At 324, the NAN sends the request and an indication of the network conditions to the PGW regarding whether to limit or allow the access to the wireless device based on the conditions detected by the NAN, in a manner similar to 310. In 326, the information sent by the NAN is processed in accordance with the PGWs policies to formulate instructions for controlling whether the wireless device can preload the scheduled data and for billing purposes, in a manner similar to 312. In one example, a condition affects a communication link of the wireless device to the network. The condition relates to a network capacity or network congestion and is detected by the NAN. The system can cause the wireless device to throttle download of the multiple data items if the network capacity is impaired or the congestion impairs data transfers on the mmW band.
At 328, the instructions from the PGW enable the wireless device to download the scheduled data (e.g., multiple data items). The wireless device can thus preload the multiple data items over the mmW band and store the multiple data items at a local memory of the wireless device. The data items that stored at the local memory are available for the wireless device to simulate access over the mmW band while the wireless device is connected to the 5G network over a non-mmW band.
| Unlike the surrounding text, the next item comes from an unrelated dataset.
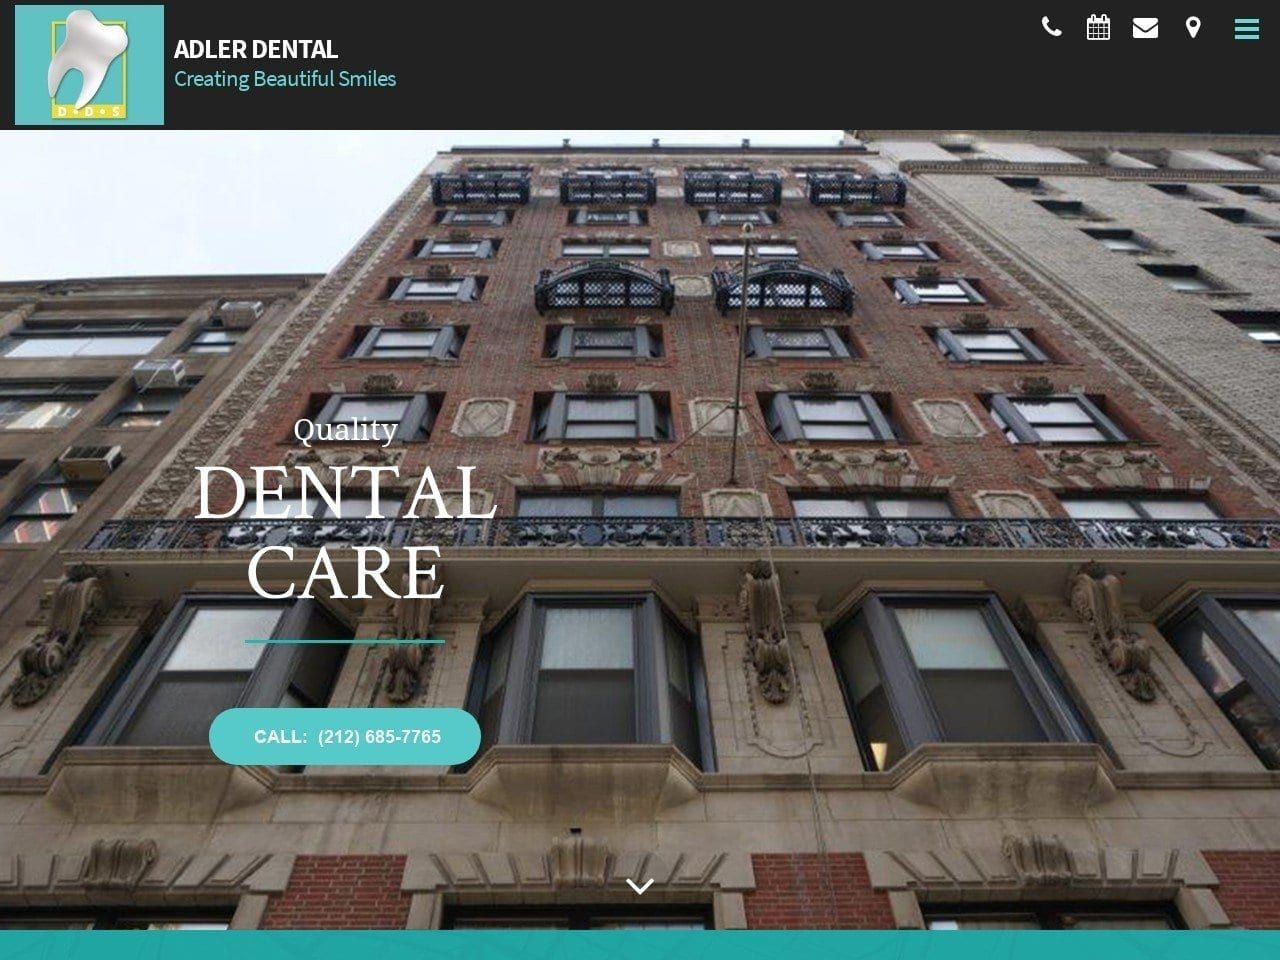 Adler Dental Pc Website Screenshot from adlerdental.com

At 330, the wireless device changes to connect to the 5G network over a non-mmW link or disconnects from the 5G network entirely. As such, the wireless device no longer has high-speed, low-latency, high capacity access to the 5G network. At 332, the wireless device receives a request for high-speed, low-latency, high capacity access to the 5G network, in a manner similar to 304. For example, the user can select a program for streaming over the 5G network.
At 334, the wireless device retrieves the data from the local memory in lieu of obtaining the data over the 5G network. For example, the wireless device can render stored data (e.g., video) as if the wireless device is connected to the 5G network over an mmW band and streaming the video in real-time. As such, the user perceives high-speed, low-latency, high capacity access to the 5G network while the wireless device is connected to the network over a non-mmW band or disconnected from the network entirely.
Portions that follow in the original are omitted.